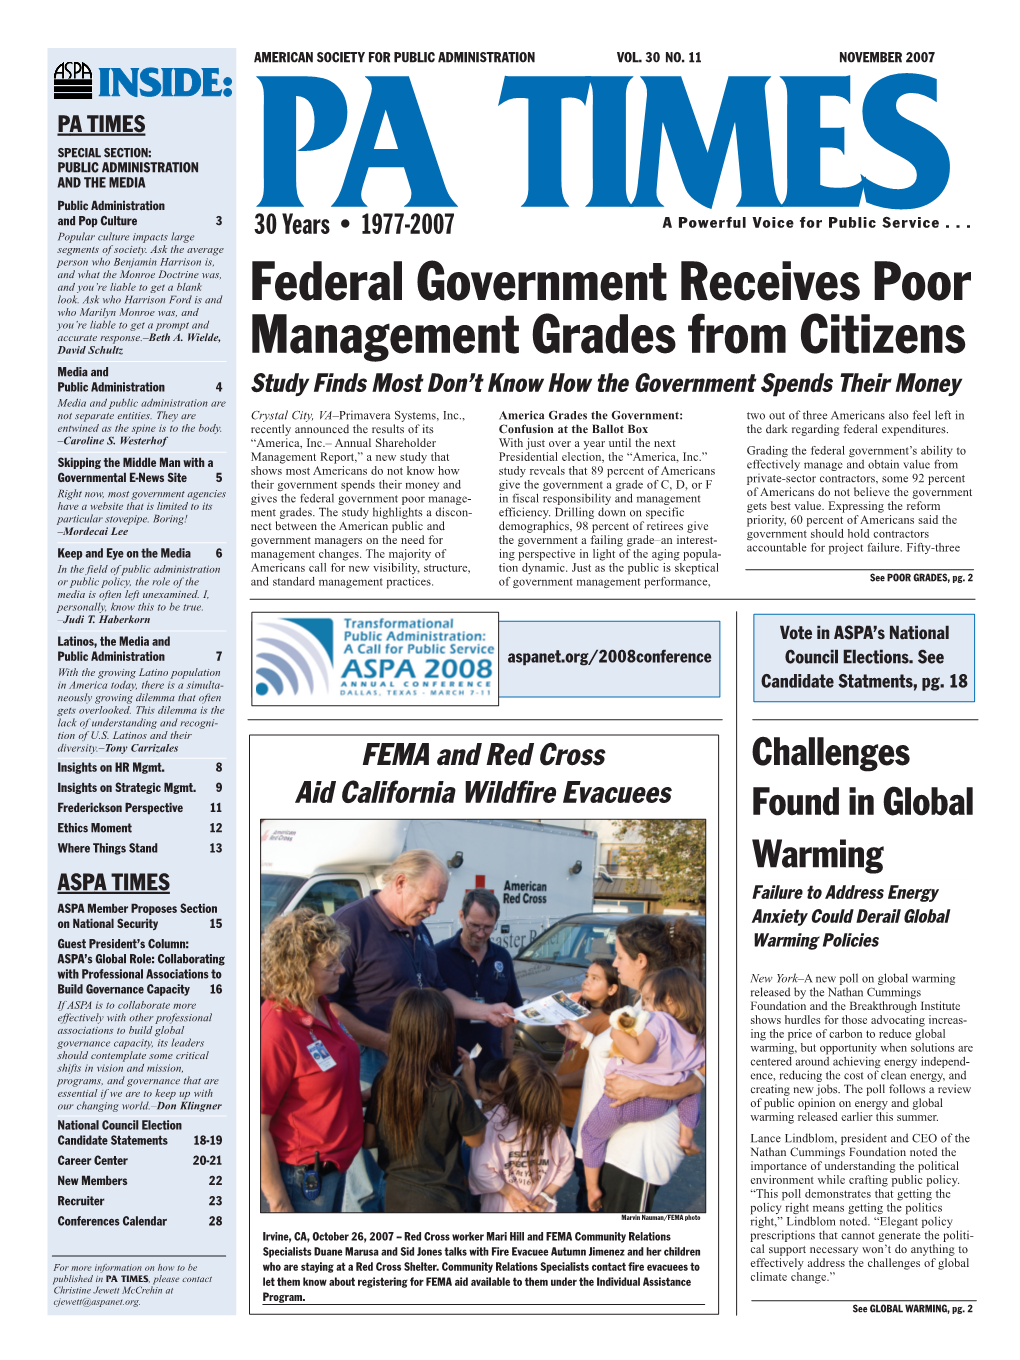 Federal Government Receives Poor Management Grades from Citizens
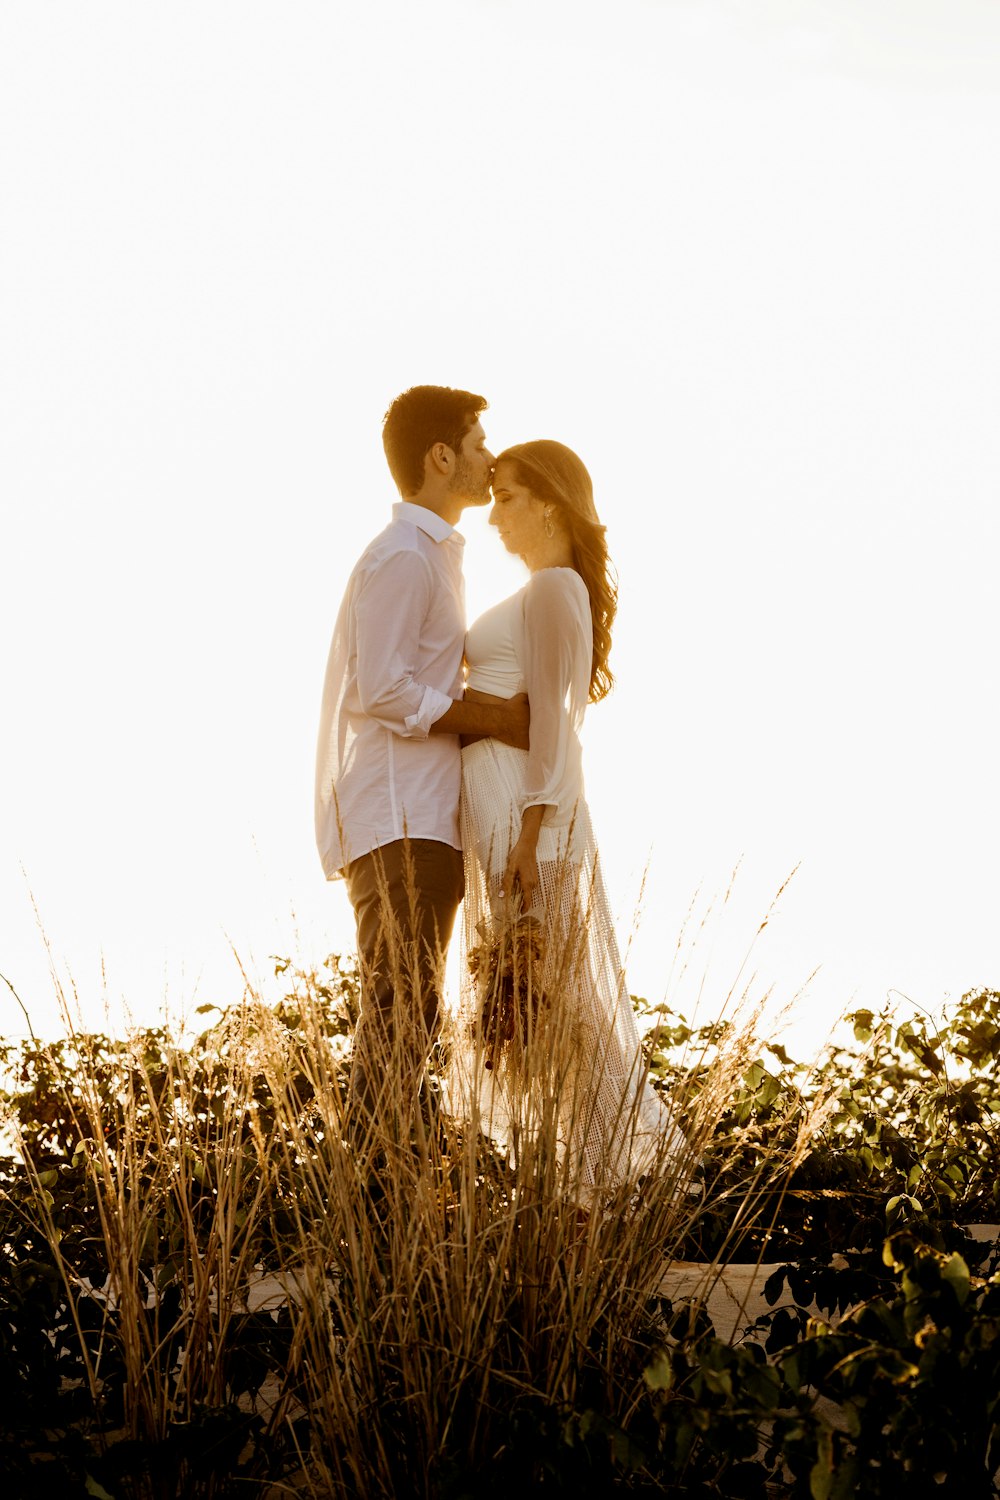 man and woman kissing on grass field during daytime
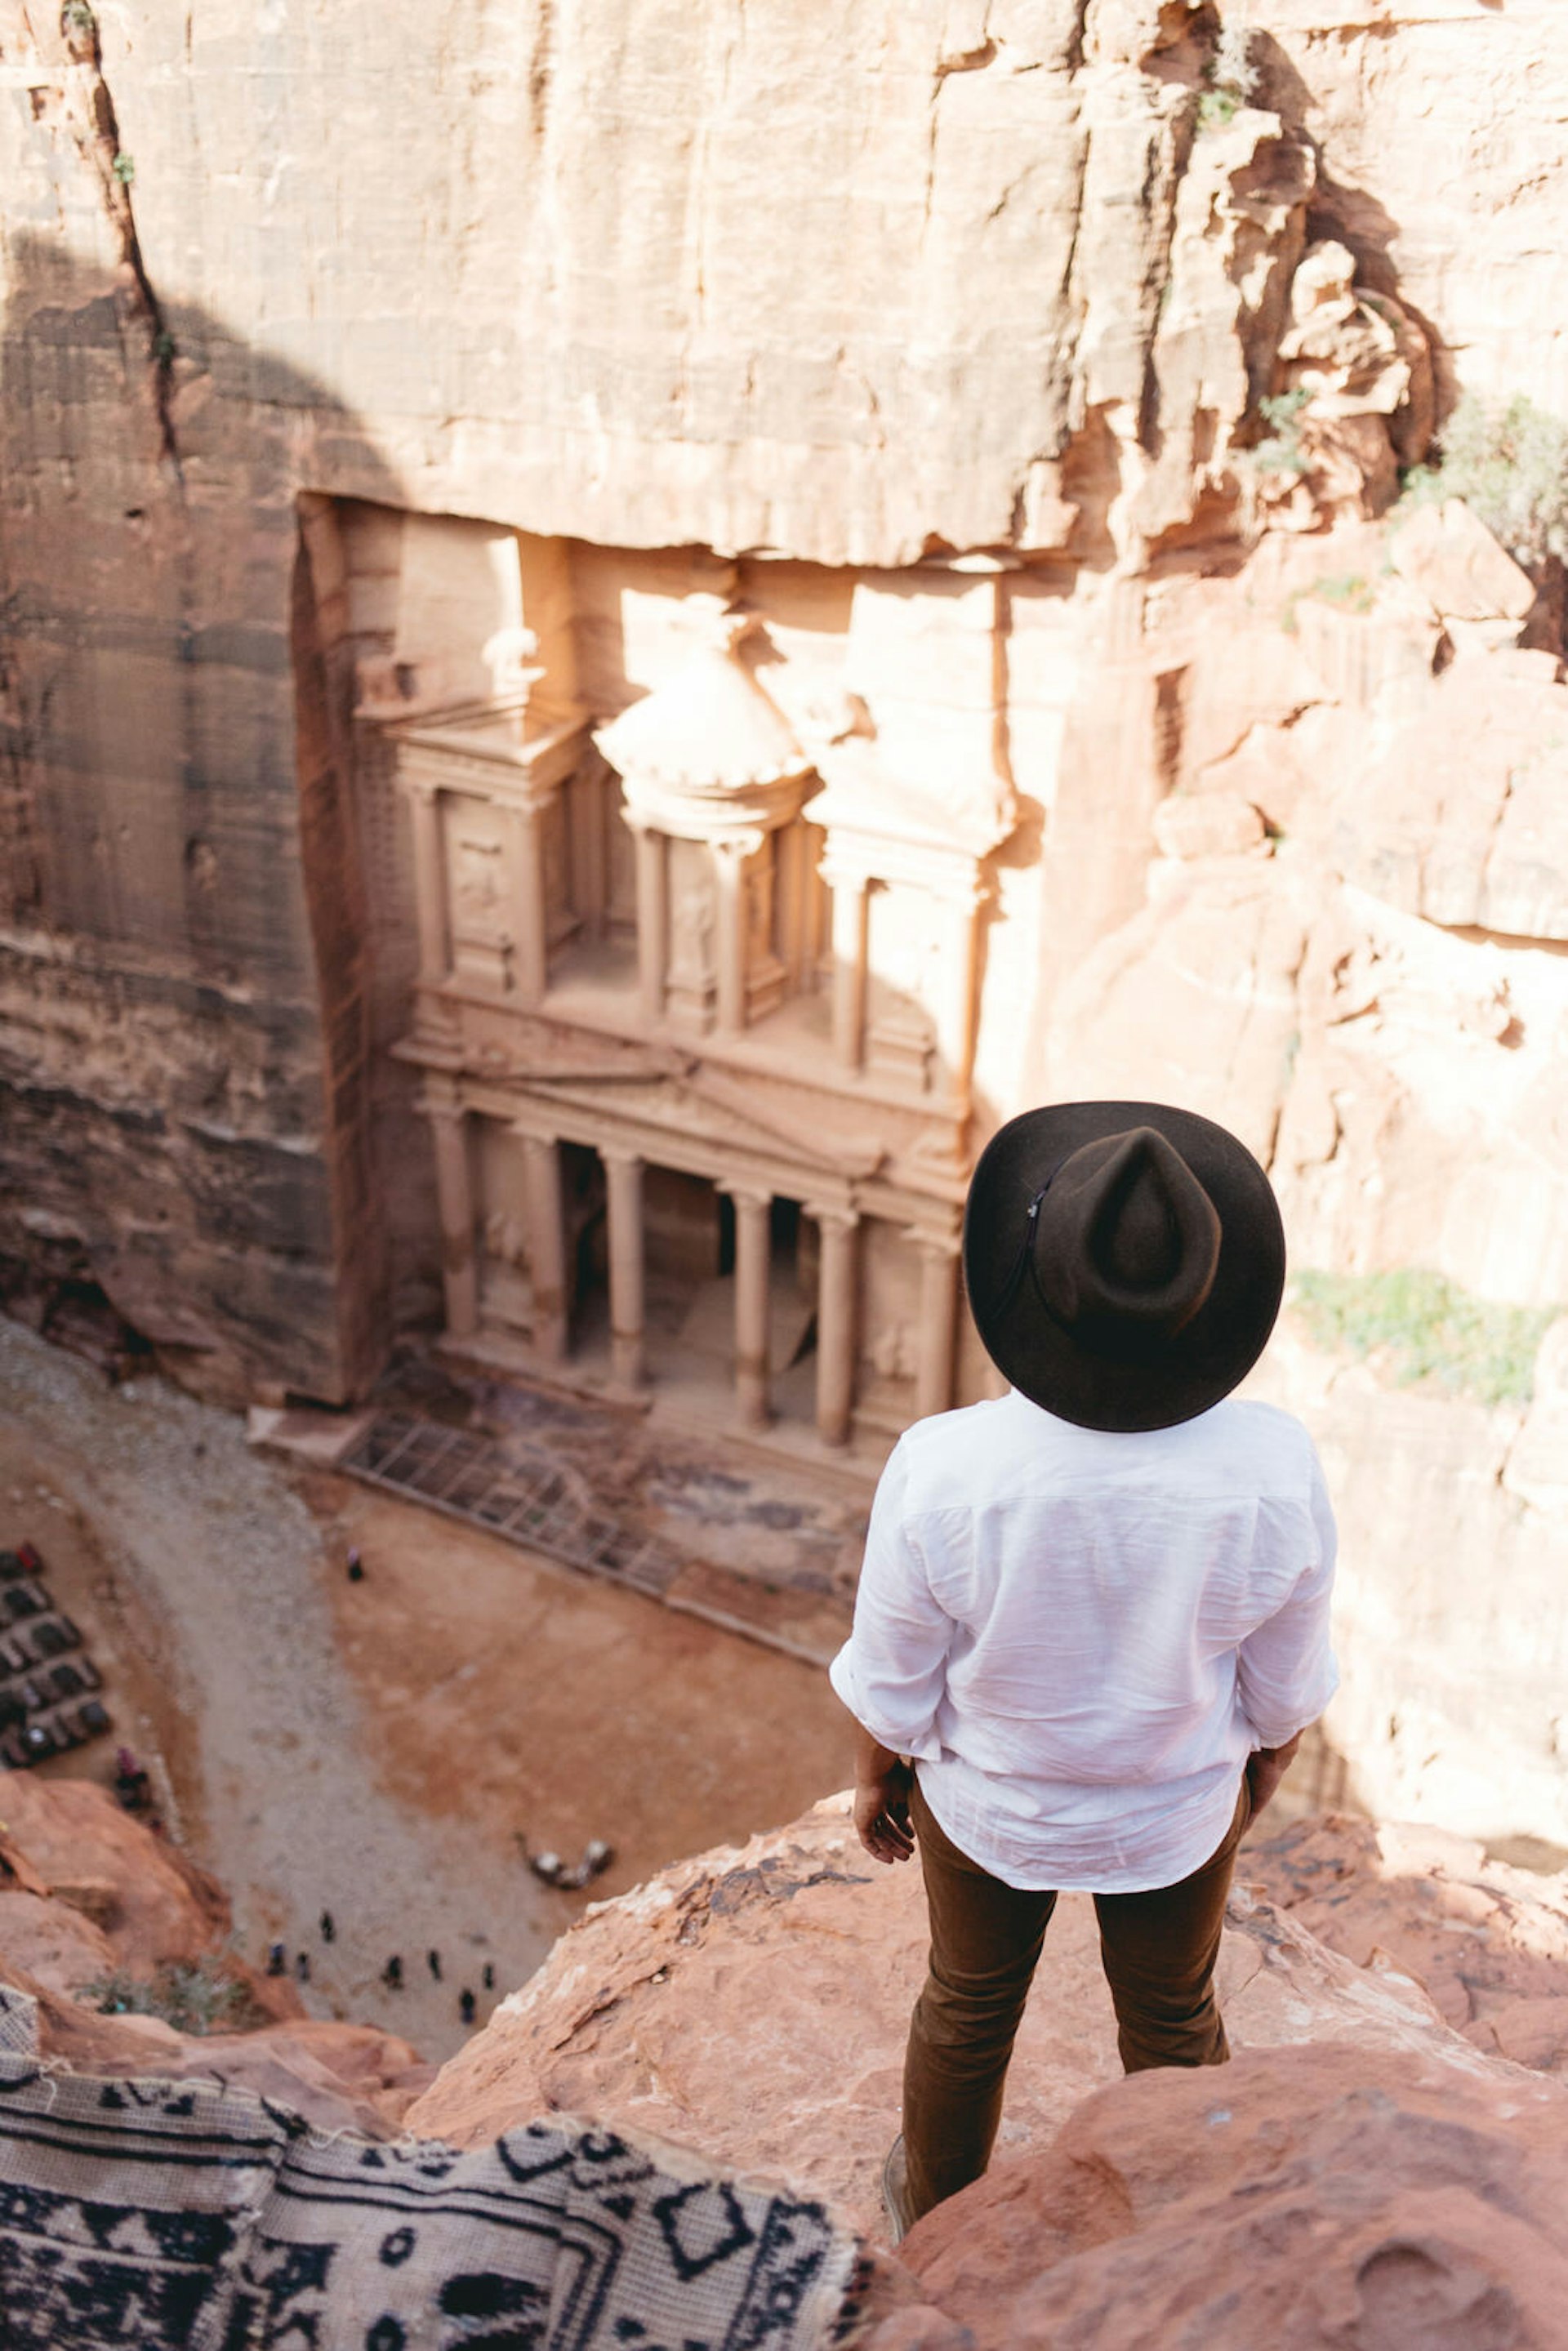 Hiker standing at one of Petra's high places in front of the Treasury, Jordan. Image by Jin Chu Ferrer / Getty Images

TASK TO CARRY OUT
In your copy of the listing above, every line must match exactly and no picture may appear.

SOLVED EXERCISE
 Federal Government Receives Poor Management Grades from Citizens
 man and woman kissing on grass field during daytime
 Hiker standing at one of Petra's high places in front of the Treasury, Jordan. Image by Jin Chu Ferrer / Getty Images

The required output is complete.